So, there’s a mechanic in Leverage that I’m super pleased with. Ok, there’s actually a lot in Leverage I’m super pleased with, and the prospect that it will end up being an actually working caper game is a prospect that is hugely, hugely exciting to me. I, naturally, already think it is one, but the ultimate test of such a thing is in people playing it, so I need to be patient and wait and see how that goes. I am not very good at that.
But the mechanic I’m thinking of is actually almost entirely tangential to the idea of capers or anything else. To set this up, consider that it’s not hard to make a game, specifically a skill list for a game, that covers 90% of the situations that come up, and that reality allows for the creation of broad, stylized skill lists (such as Hitter, Hacker, Grifter, Mastermind, and Thief – the Leverage Roles) which are very playable. There are, however, two flaws in such a list. First, there will be skills – usually specialized ones – that are not covered by the broad skill list, such as piloting a helicopter or performing neurosurgey. Second, it will not always be entirely clear which broad skill a specific skill falls under. Handling explosives, for example, is something that might reasonably fall under the domain of the Hitter, Hacker or Thief.
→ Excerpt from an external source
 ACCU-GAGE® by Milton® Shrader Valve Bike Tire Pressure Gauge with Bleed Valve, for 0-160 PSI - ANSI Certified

Now, the good news is that these limitations are not huge drawbacks in play. The exception skills come up less often than you’d expect; partly because they’e usually suited to uncommon circumstances, but also because the existing skills tend to naturally funnel player behavior towards themselves. The unclear skills can be a problem, but every GM comes up with their own ways to handle that such as best skill applies, worst skill applies or determining appropriate skill based on context.
Still, they do come up and they do occasionally create issues; and that’s where the Leverage specializations come into play. Now, on paper, they look like any other specialization in any other game you’ve seen. You take a specialization (say, “Fighting when outnumbered”) and apply it to a Role (like Hitter) and voila, it gives you an extra d6 when appropriate. Mechanically, nothing new or interesting.
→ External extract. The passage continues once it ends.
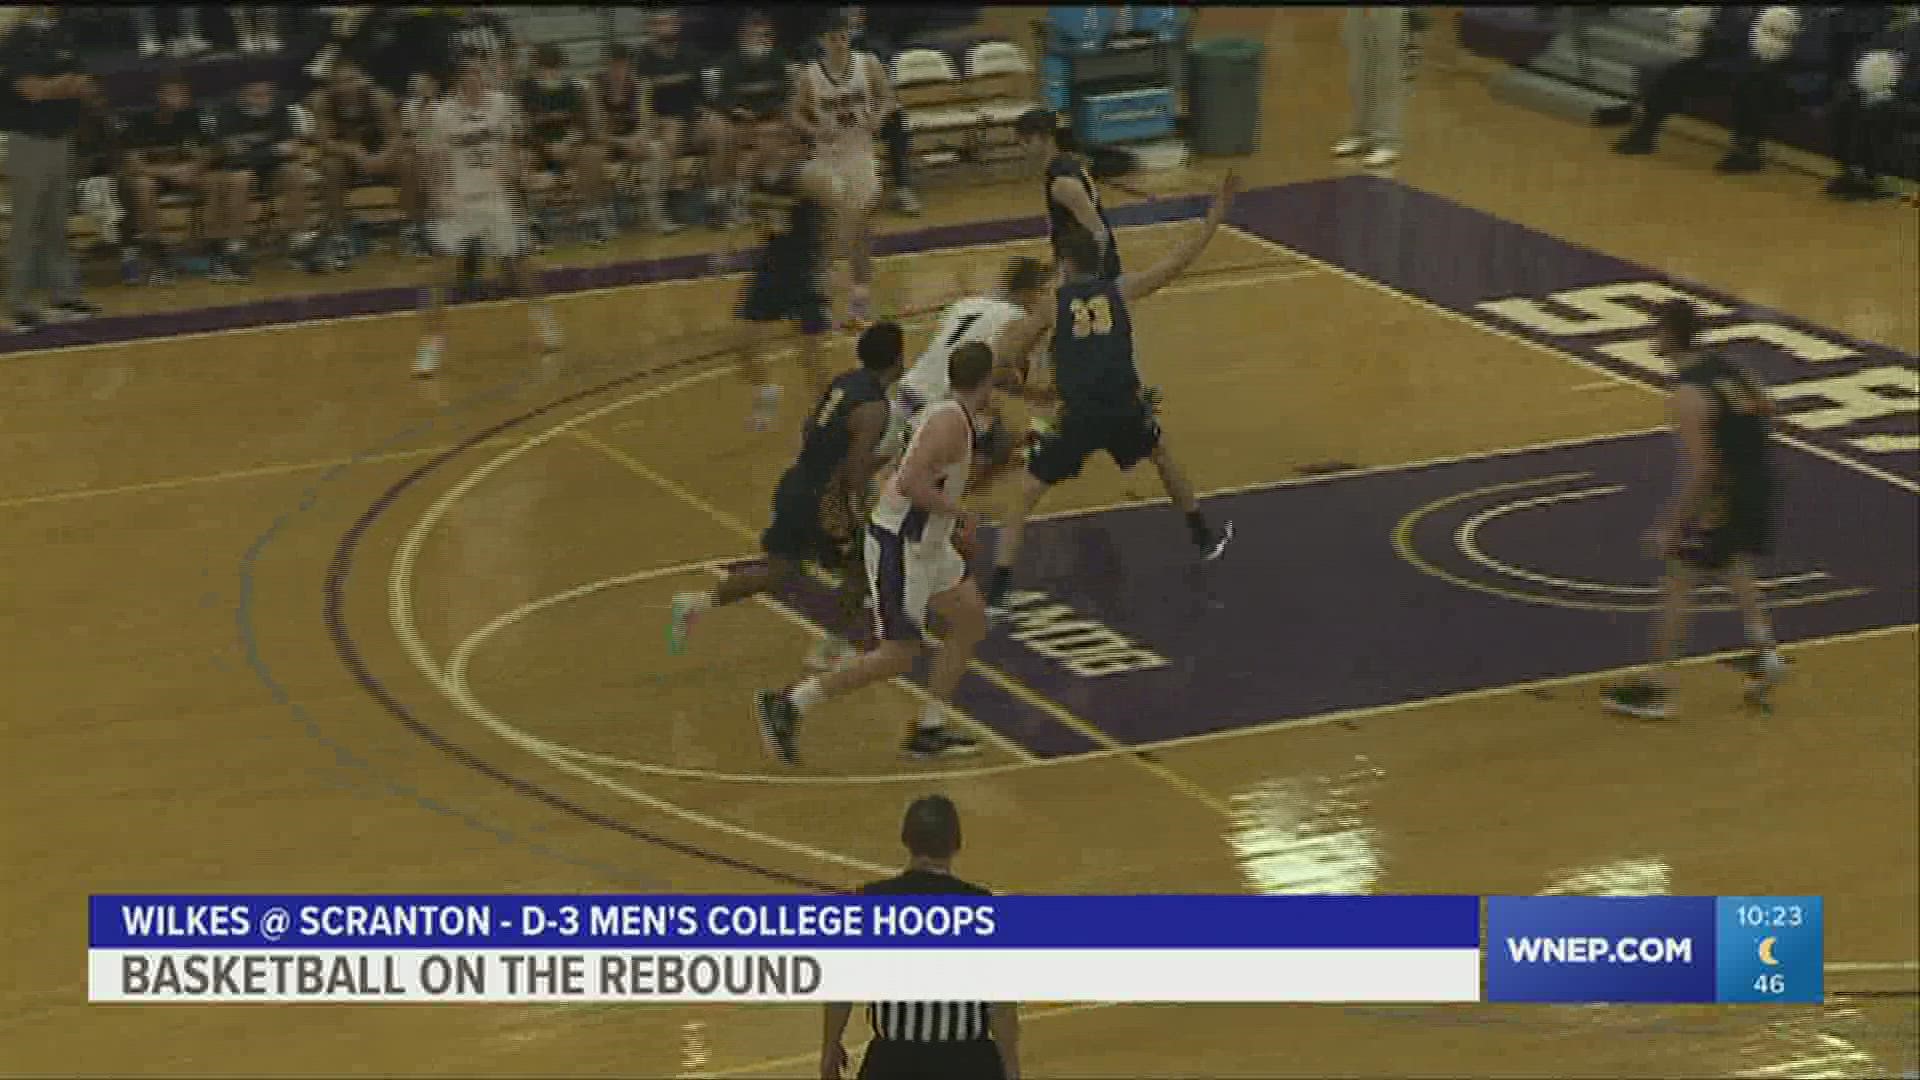 Scranton welcomed Wilkes in D3 Men's college basketball.  Royals got 20 points from Jackson Danzig in their 100-72 win.

But here’s the trick. And extra d6 in Leverage is not that big a deal. It might help in an arena you’re otherwise terrible at, such as when you want your d4 thief to have at least a little bit of a chance of picking a pocket, but once you start moving into a character’s area of strength, a single d6 is nice, but not critical, and it’s usually pretty easy to generate some other d6’s from being awesome anyway. That would seem to suggest that specializations primarily exist to help compensate for a character’s weaknesses, but doing so misses their much more potent role.
In Leverage, the player decides which role the specialization is associated with, and that means that the player can use a specialization to “pin” a skill to a specific role, ideally a role they’re good at. This offers a much bigger bonus to that sort of activity by moving it to an area of strength, and it addresses the weaknesses of the broad skills very tidily. If there’s a skill that falls outside the sphere of things, like helicopter pilot, then a player can attach it to a role they already excel at, and they are now a *good* helicopter pilot.[1] Similarly, it means that if a certain activity (like, say, explosives or medicine) is important to the character but subject to interpretation in terms of which role it uses, the player can choose a specialty to guarantee that when their character rolls it, they use the role the player has chosen.
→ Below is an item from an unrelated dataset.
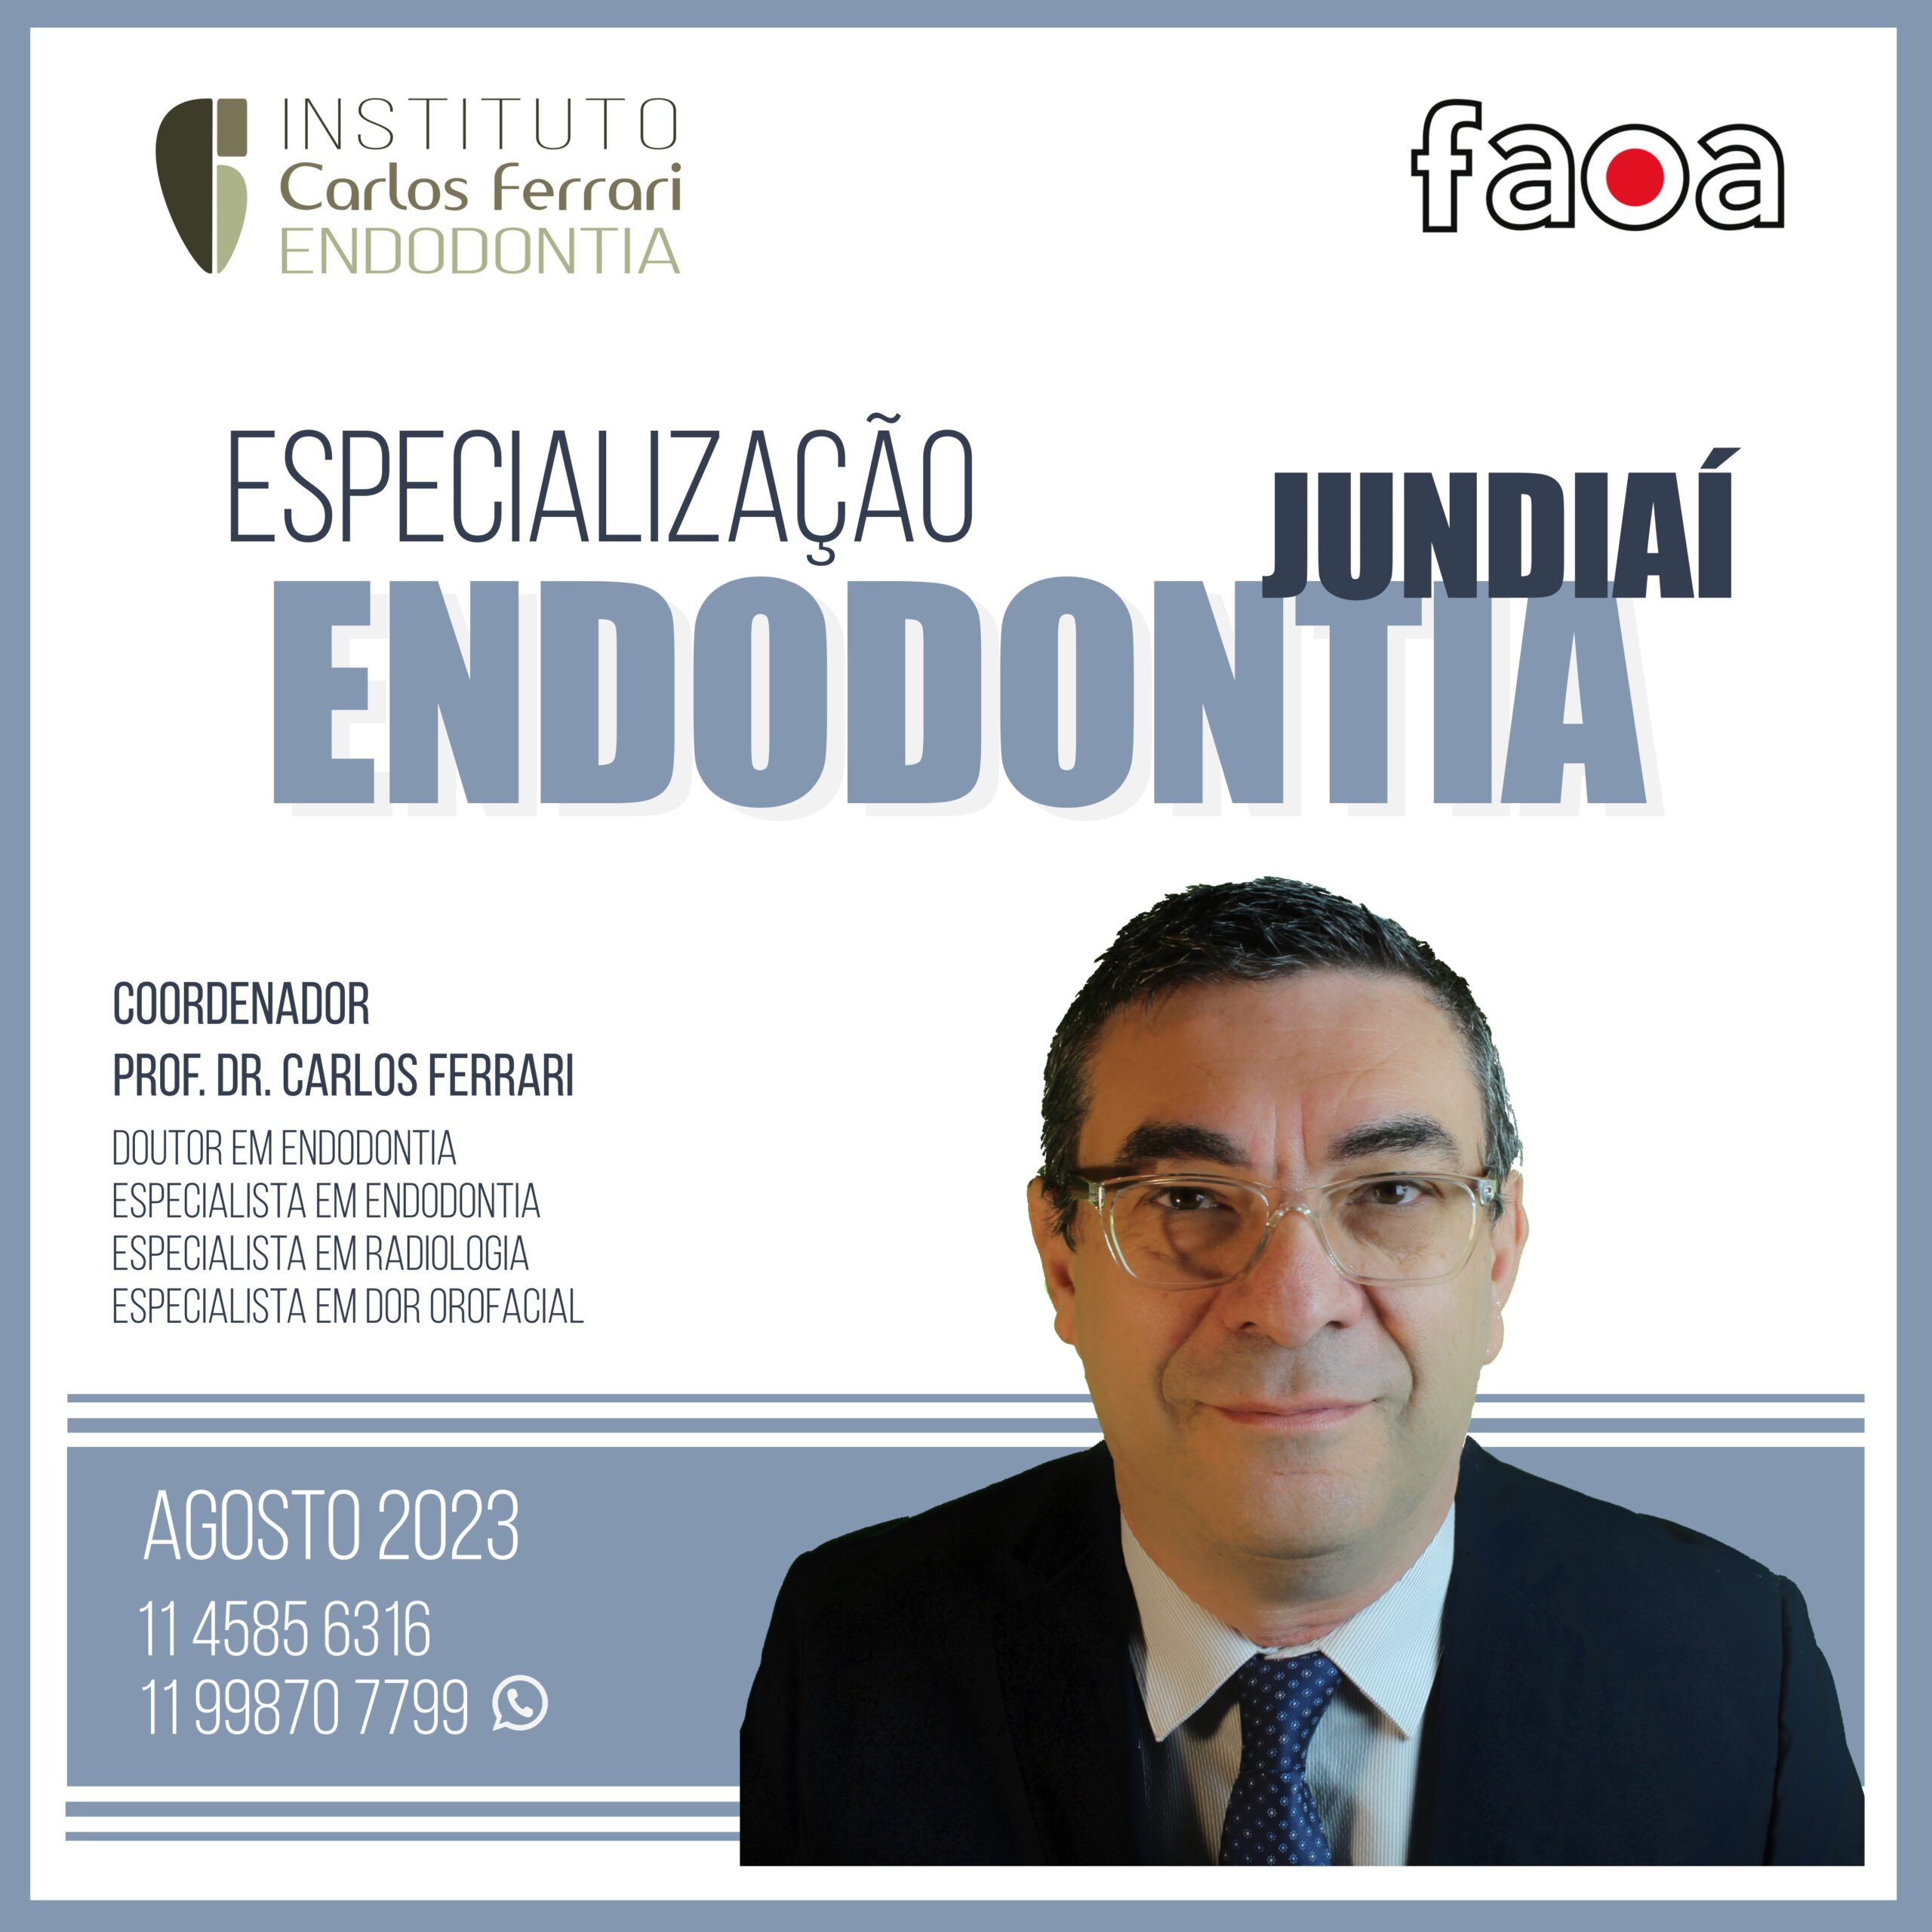 You are currently viewing Specialization in endodontics in Jundiaí.

In the grand scheme of things, this is a very small rule, and in Leverage it’s even smaller because characters have other ways around these issues as well, but it’s exactly the kind of rule I really like because it’s small and easy to apply while quietly offering a very broad and useful impact.
Anyway, time to go back to waiting for the print edition to come out!
1 – Yes, that skips over the whole issue of characters being obliged to suck at certain skills unless they want to spend heavily just to cover some part of their concept that doesn’t come up that often. What a shame, that.
Worth noting that initially, we weren’t going to have Specialties do anything more mechanically than just settle the argument over which Role the narrow field of skill covers. However, I’m big on mechanical representation, and in Cortex Plus the dice are a big feature of play, hence the d6 bonus.
And I like that this d6 isn’t a game-changer but it does give you a reason to assign the Specialty to a d4 Role (since it actually boosts your performance) while providing a nice supporting back-up to those d8 or d10 Roles.